■ What the task requires ■
Begin at the line below that has "Graphic Design and Typography Books". Stop after the line that has "SentryGuard Smart Home", repeating each line exactly and leaving out the pictures.

■ Source data ■
☆ ☆ ☆
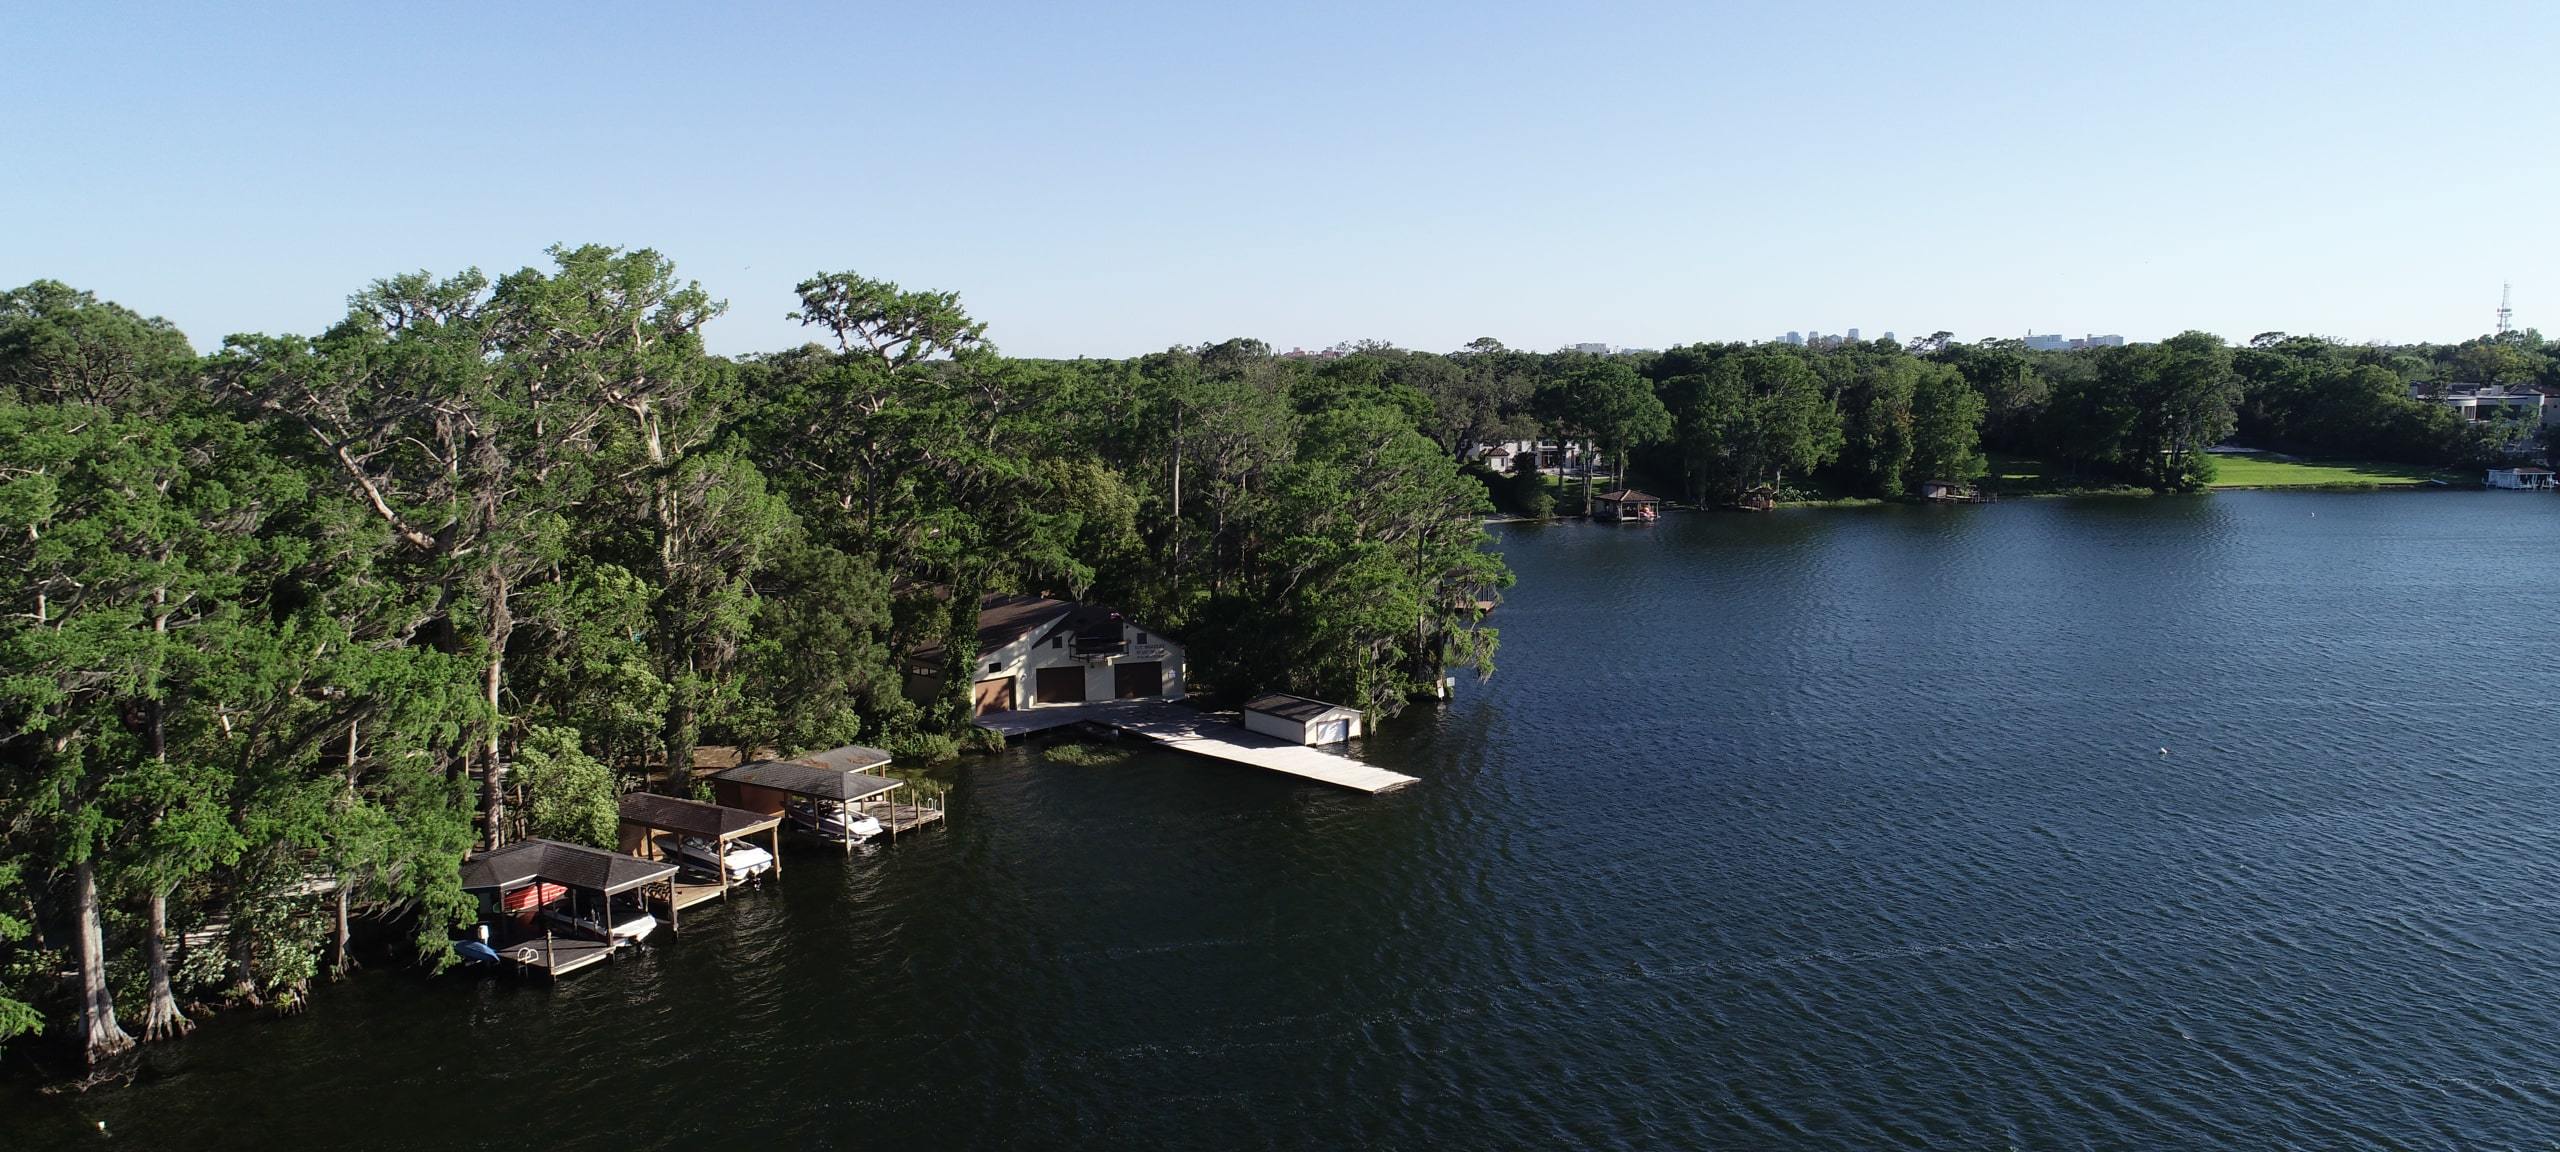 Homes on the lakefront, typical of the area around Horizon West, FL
☆ ☆ ☆
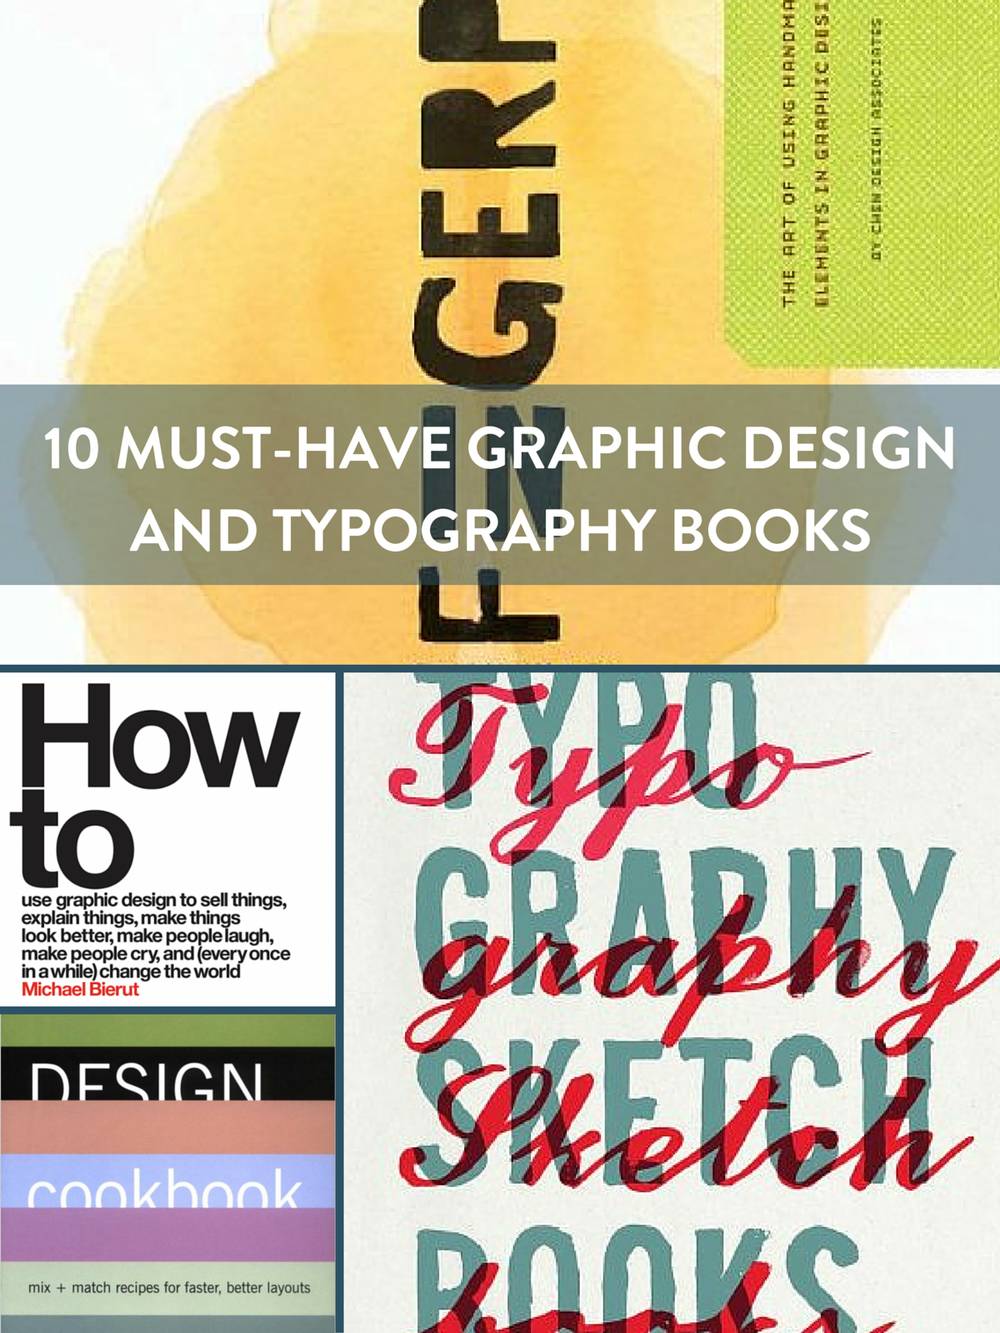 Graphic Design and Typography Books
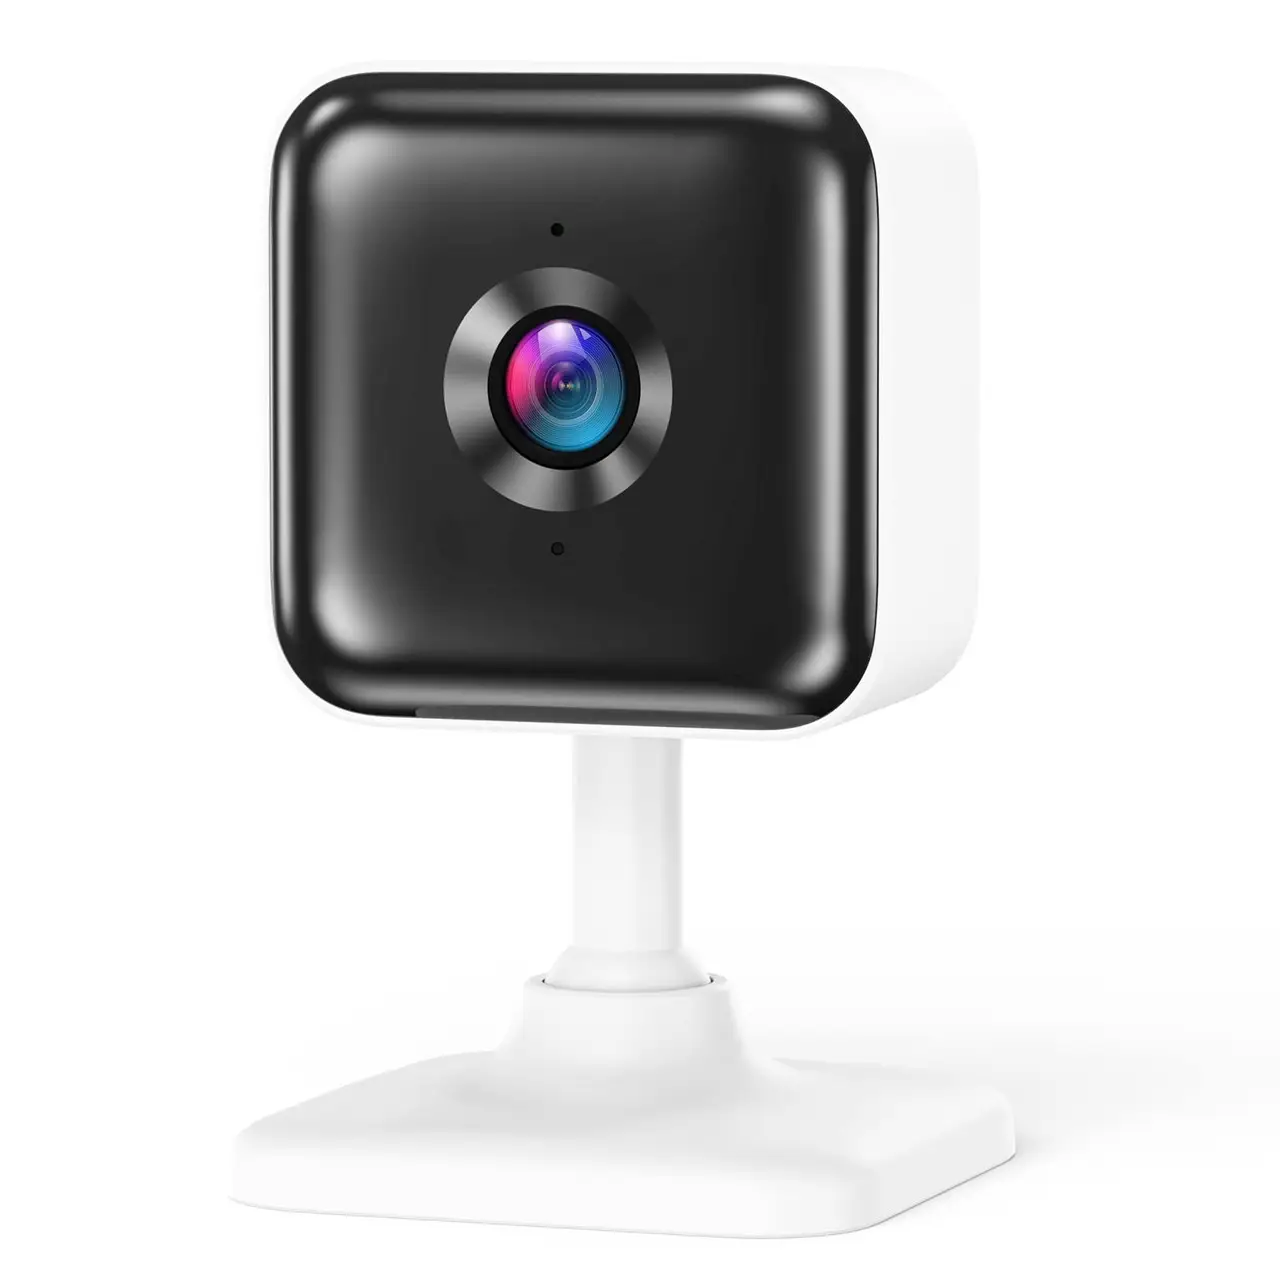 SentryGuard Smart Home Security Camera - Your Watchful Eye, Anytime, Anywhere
☆ ☆ ☆
■ Output for this exercise ■
 Graphic Design and Typography Books
 SentryGuard Smart Home Security Camera - Your Watchful Eye, Anytime, Anywhere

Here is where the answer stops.